Final answer:
The major axis of the ellipse is 8 units, the minor axis is 4 units. The vertices are located at (8, 0) and (-8, 0), and the foci are located at (3.464, 0) and (-3.464, 0). The eccentricity of the ellipse is approximately 0.433, indicating that it is elongated but still fairly close to a circle.
Step-by-step explanation:
The given equation is x² + 4y² = 16. To find the major and minor axes of the ellipse, we need to rewrite the equation in standard form. Dividing both sides by 16, we get x²/16 + y²/4 = 1. Comparing this to the standard form (x²/a² + y²/b² = 1) of an ellipse, we can see that a² = 16 and b² = 4. Therefore, the length of the major axis is 2a = 2√16 = 8 units, and the length of the minor axis is 2b = 2√4 = 4 units.
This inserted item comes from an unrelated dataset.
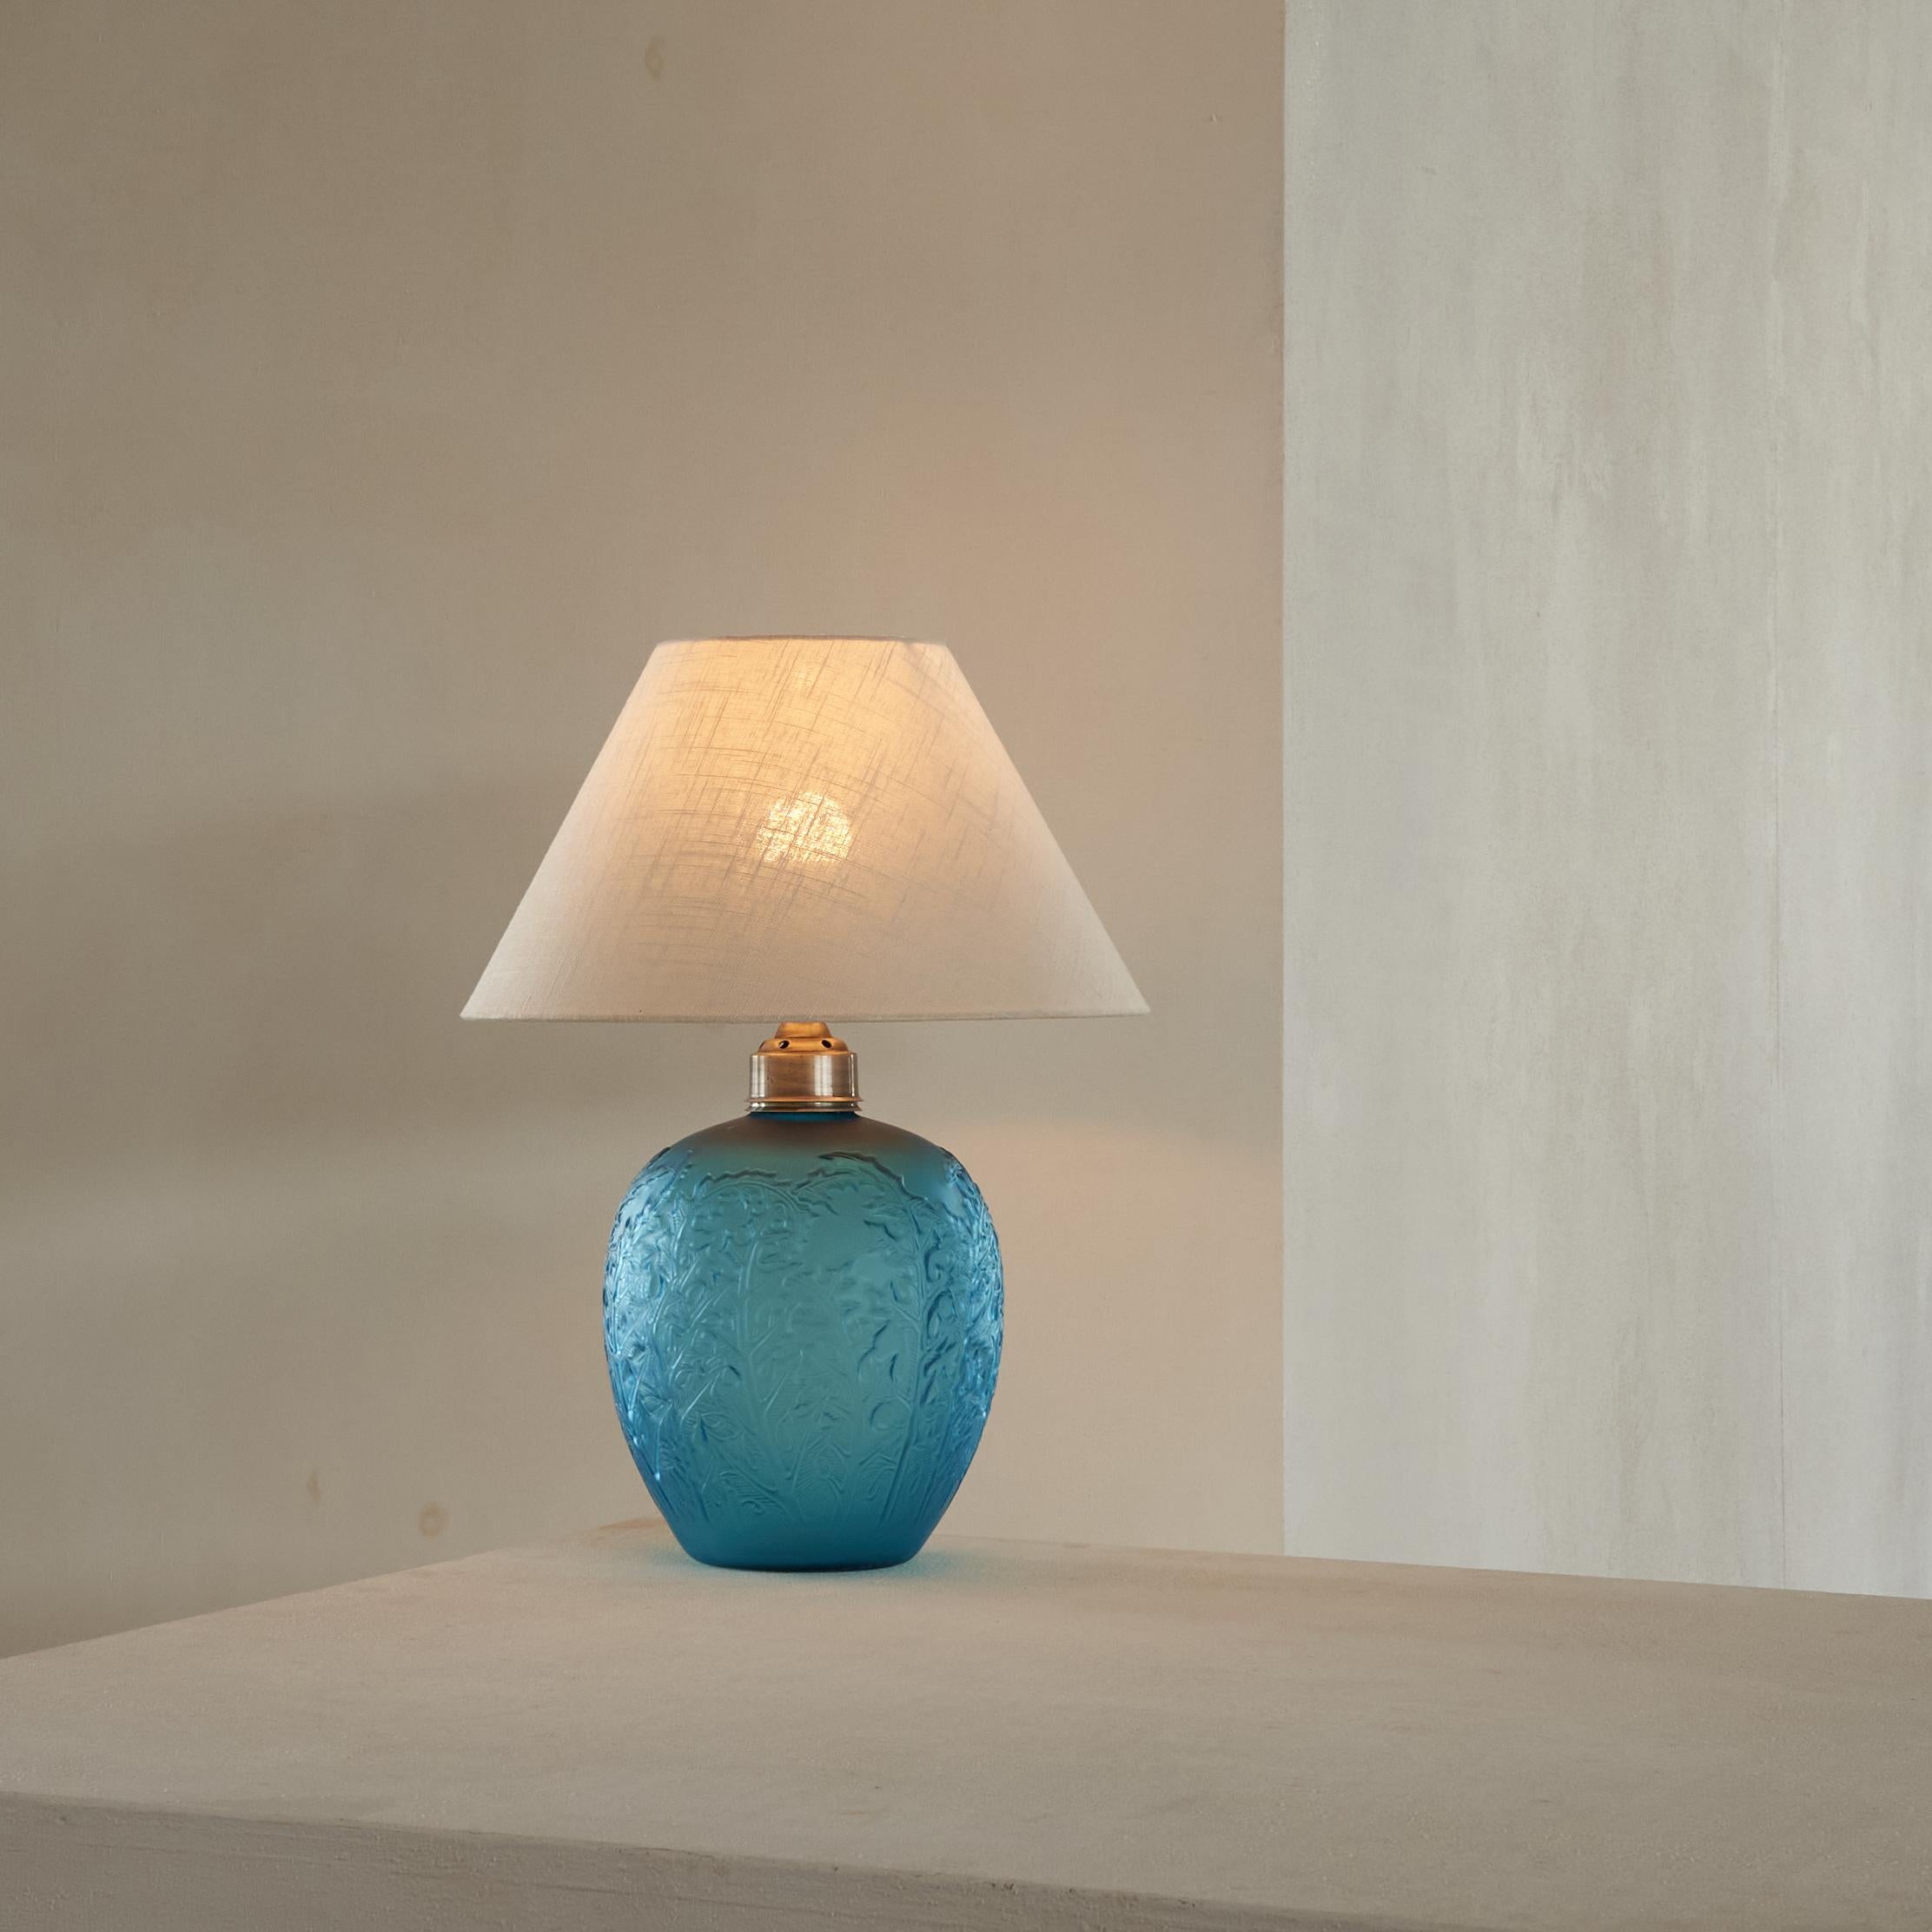 Acanthes' Table Lamp after René Lalique by Consolidated Glass Company 1930s

Straight from the first owner in Ghent Belgium, comes this wonderful and rare table lamp in radiant blue art glass - made to a design after René Lalique. It comes from a

Since a² > b², the ellipse is longer horizontally and narrower vertically. The center of the ellipse is at (0,0), and the foci can be found using the formula c = √(a² - b²). So, c = √(16 - 4) = √12 ≈ 3.464 units.
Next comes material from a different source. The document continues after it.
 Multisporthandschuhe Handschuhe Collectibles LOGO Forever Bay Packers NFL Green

The vertices are located at (±a, 0), so the vertices of the ellipse are (8, 0) and (-8, 0). The foci are located at (±c, 0), so the foci of the ellipse are (3.464, 0) and (-3.464, 0). The eccentricity of the ellipse can be calculated using the formula e = c/a, where c is the distance from the center to a focus, and a is half the length of the major axis.
Therefore, the eccentricity of this ellipse is e = 3.464/8 ≈ 0.433. Since the eccentricity is less than 1, this ellipse can be described as elongated but still fairly close to a circle.